2007/09/26 2008/09/24 福田康夫
2008/9/24 2009/09/16 麻生太郎
2009/09/16 2010/06/8 鳩山由紀夫 民主党へ政権交代
2010/6/8 2011/09/2 菅直人 3/11に東日本大震災発生
2011/9/2 2012/12/26 野田佳彦
2012/12/26 安倍晋三 自民党へ政権交代。2014/4/1より消費税5から8%へ増税。第4次安倍改造内閣として継続中。

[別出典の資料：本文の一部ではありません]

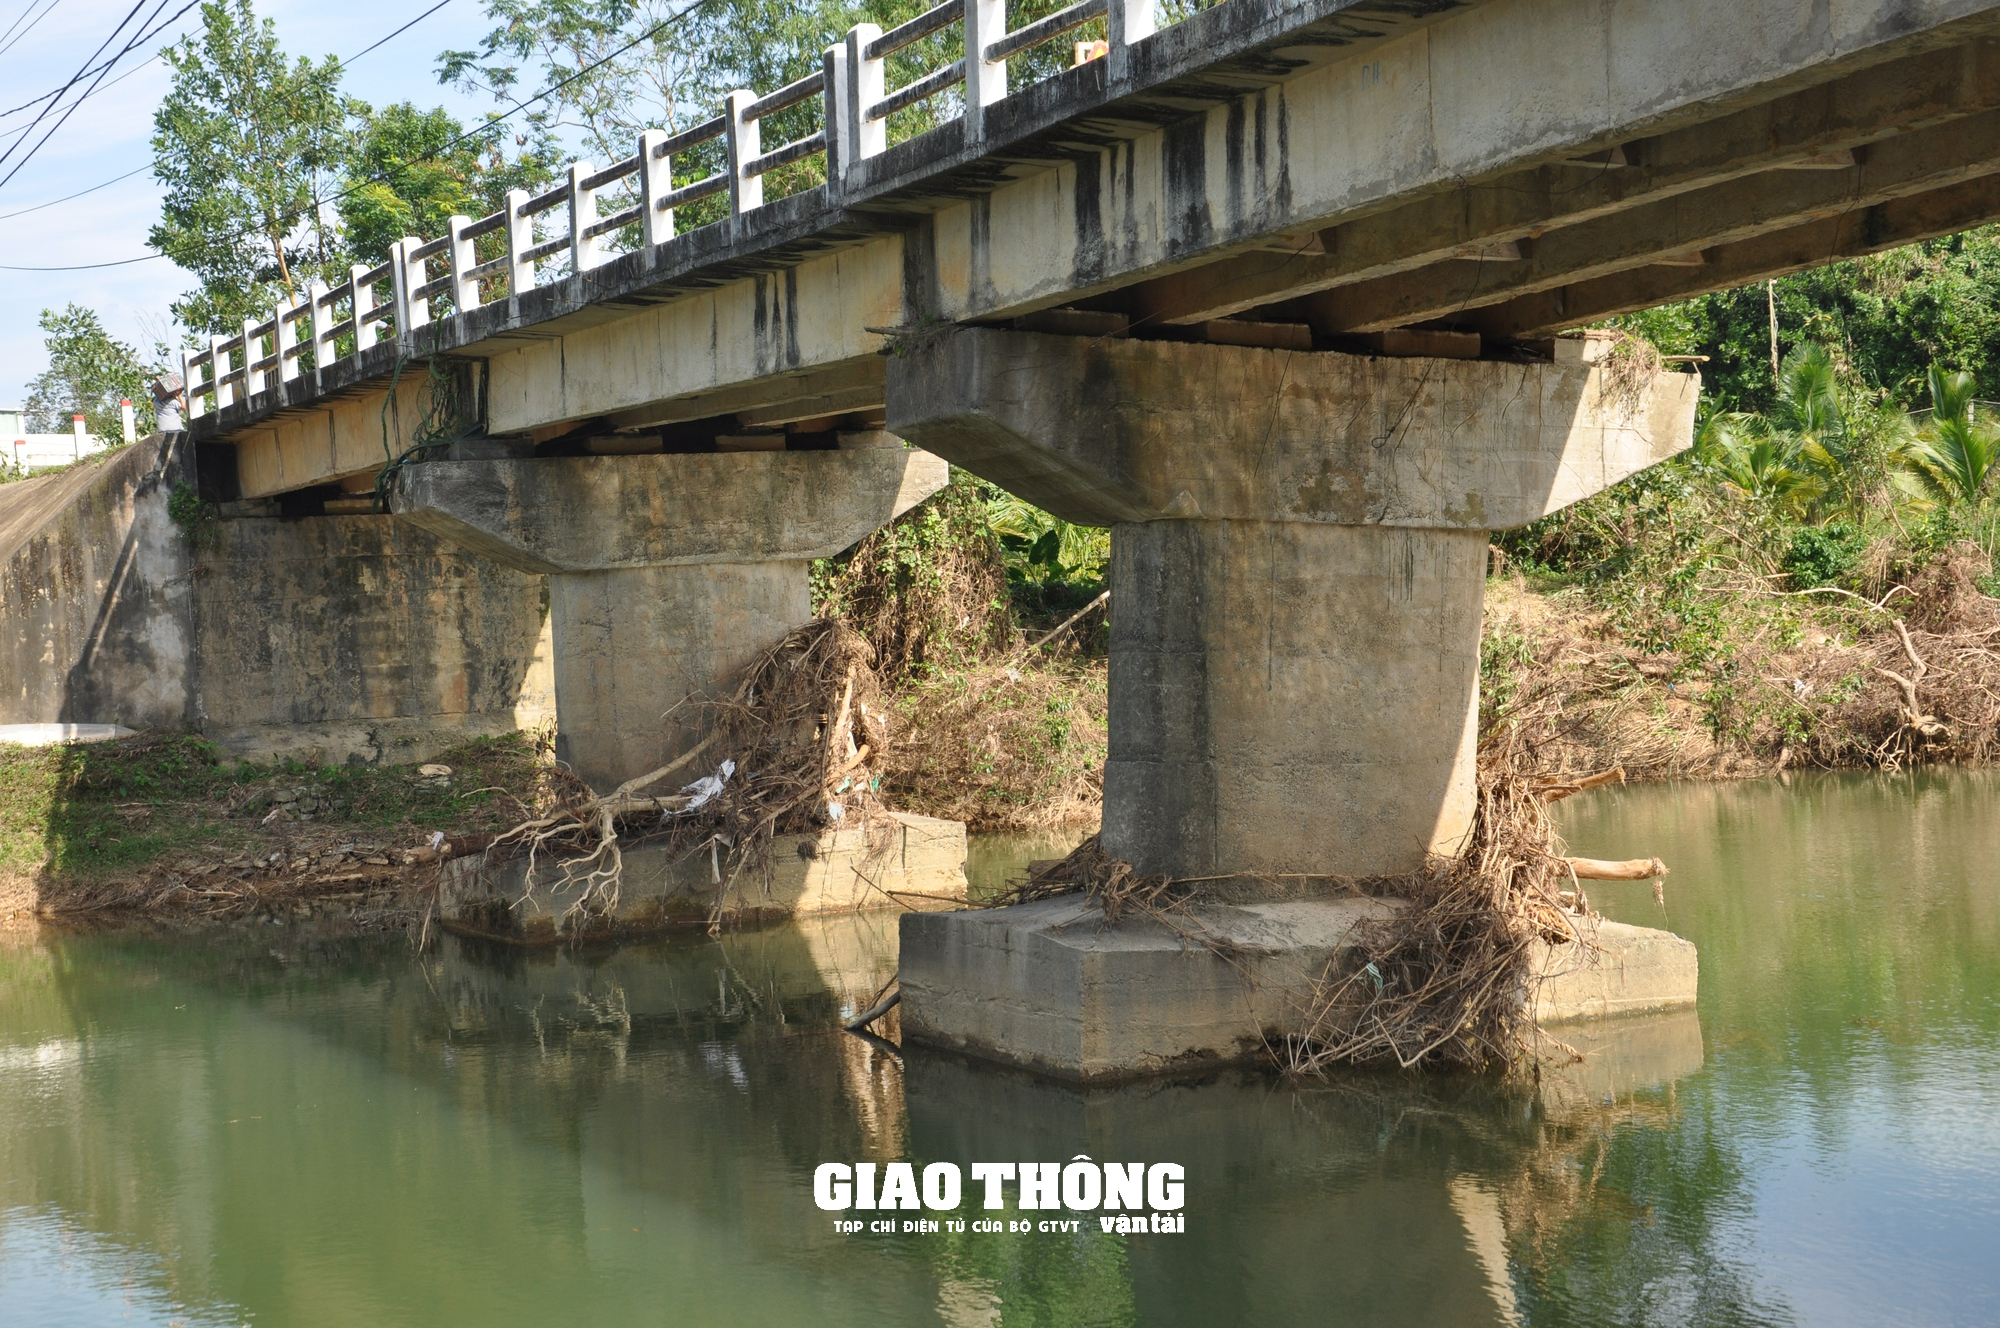 Cây cầu ở Quảng Nam bất ngờ sụt lún: Nguyên nhân từ đâu? - Ảnh 5.

総理大臣とは「どす黒い孤独」を背負わなければならない職業

麻生氏の証言として、『総理大臣とは「どす黒い孤独」を背負わなければならない職業』と紹介されています。
総理大臣も仕事の一つに分類されます。しかし、それは日本国に同時に二人として存在しない唯一無二の職業です。そこで感じるものは「どす黒い孤独」と形容されています。なんというか、、いろいろなスキルだけでなく、精神力や思想など強い自我をもっていないと立ち続けることすら儘ならない職業なのだと思います。そこに6年立ち続けるって、やはりものすごいことだと感じます。

伝達形式が重い意味を持つ。

第1次安倍改造内閣を検討する時に、麻生氏が安倍氏へ人事案を連絡するエピソードにおいて出てきた文です。具体的には、麻生氏はメールなどで直接人事の提案をするのではなく、直筆のメモに書きそれを著者へ託し安倍氏へ渡す、というコミュニケーションをされていました。これは、『ワンクッション入れたコミュニケーション手段をとることで、「この通りにしなくても構いませんよ」という思いを込めた』とあります。
本書から政治家の方たちは、FtoF、人伝いの伝言、電話などコミュニケーション方法によって、その言外の意味も多分に含ませた複雑なやりとりをしているようです。政治というのは、可視化されない部分の意味まで含めて考えないといけないということを感じました。身近なところでは社内政治がありますが、これを考える場合は政治家のやりとりが最高の教科書になるような気がします。苦手です。

後者でお願いします!

安倍氏が衆議院選挙に初当選し、麻生氏が飲みに誘った時の会話です。
『麻生「野党の新人議員じゃ時間を持て余しているだろうから、飲みに行くか?」』
『安倍「お願いします」』
『麻生「じゃ、ホテルのバーで制作を語るか、きれいな女の人が横に座ってくれるところに行くか、どっちがいいんだ?」』
『安倍「後者でお願いします!」』
まじか!と読んでいて思いました。これまでテレビや新聞で真面目に語る側面しか見たことがなかったため、このような熱い感情をもたれている人間味が感じることができ、面白かったです。

誰かがその遺志を継がなきゃ悲しすぎるじゃないか

2009年10月に急死された中川氏に関するエピソードでの安倍氏の一言です。中川氏は麻生内閣時代に酩酊しているような状態で記者会見を行い批判を浴び大臣職を辞した方です。その中川氏へ著者が密着取材を行った内容からの、急死とその後の周辺に関することが記されてあります。中川氏は生前に、拉致問題、教科書問題、人権擁護法案問題、アジア外交、農業問題、水資源問題、憲法改正など多くの課題に取り組まれていたとのことです。これらに対して安倍氏が『「誇りの持てる国づくりのために全力投球してきた昭一さんが、道半ばで斃れたならば、誰かがその遺志を継がなきゃ悲しすぎるじゃないか」』と語ったのです。
かっこよすぎる。。幸い私の近しい人はまだ誰も亡くなっていないのですが、いずれその日は来ると思っています。そうした時に、どうするかのヒントがあったように思います。

総理の激務

本書では安倍氏が総理大臣時の仕事内容がそれなりに書かれているのですが、24時間働いていると言って過言ではありません。国会では働き方改革、残業上限などが議論されていますが、その議論している当人達は見方によってはブラック企業に勤めているとも言えるような気がします。国を背負って毎日事を為している政治家の皆様に畏敬の念を抱きました。

おわりに

安倍首相やその周辺、またいわゆる永田町がどのようなものであったかの片鱗を上記のような内容から感じることができました。これ以外にもたくさんの生々しいエピソードがあります。2018年現在の日本国のトップがどのような人物であるかを知ることができる貴重な一冊だと思います。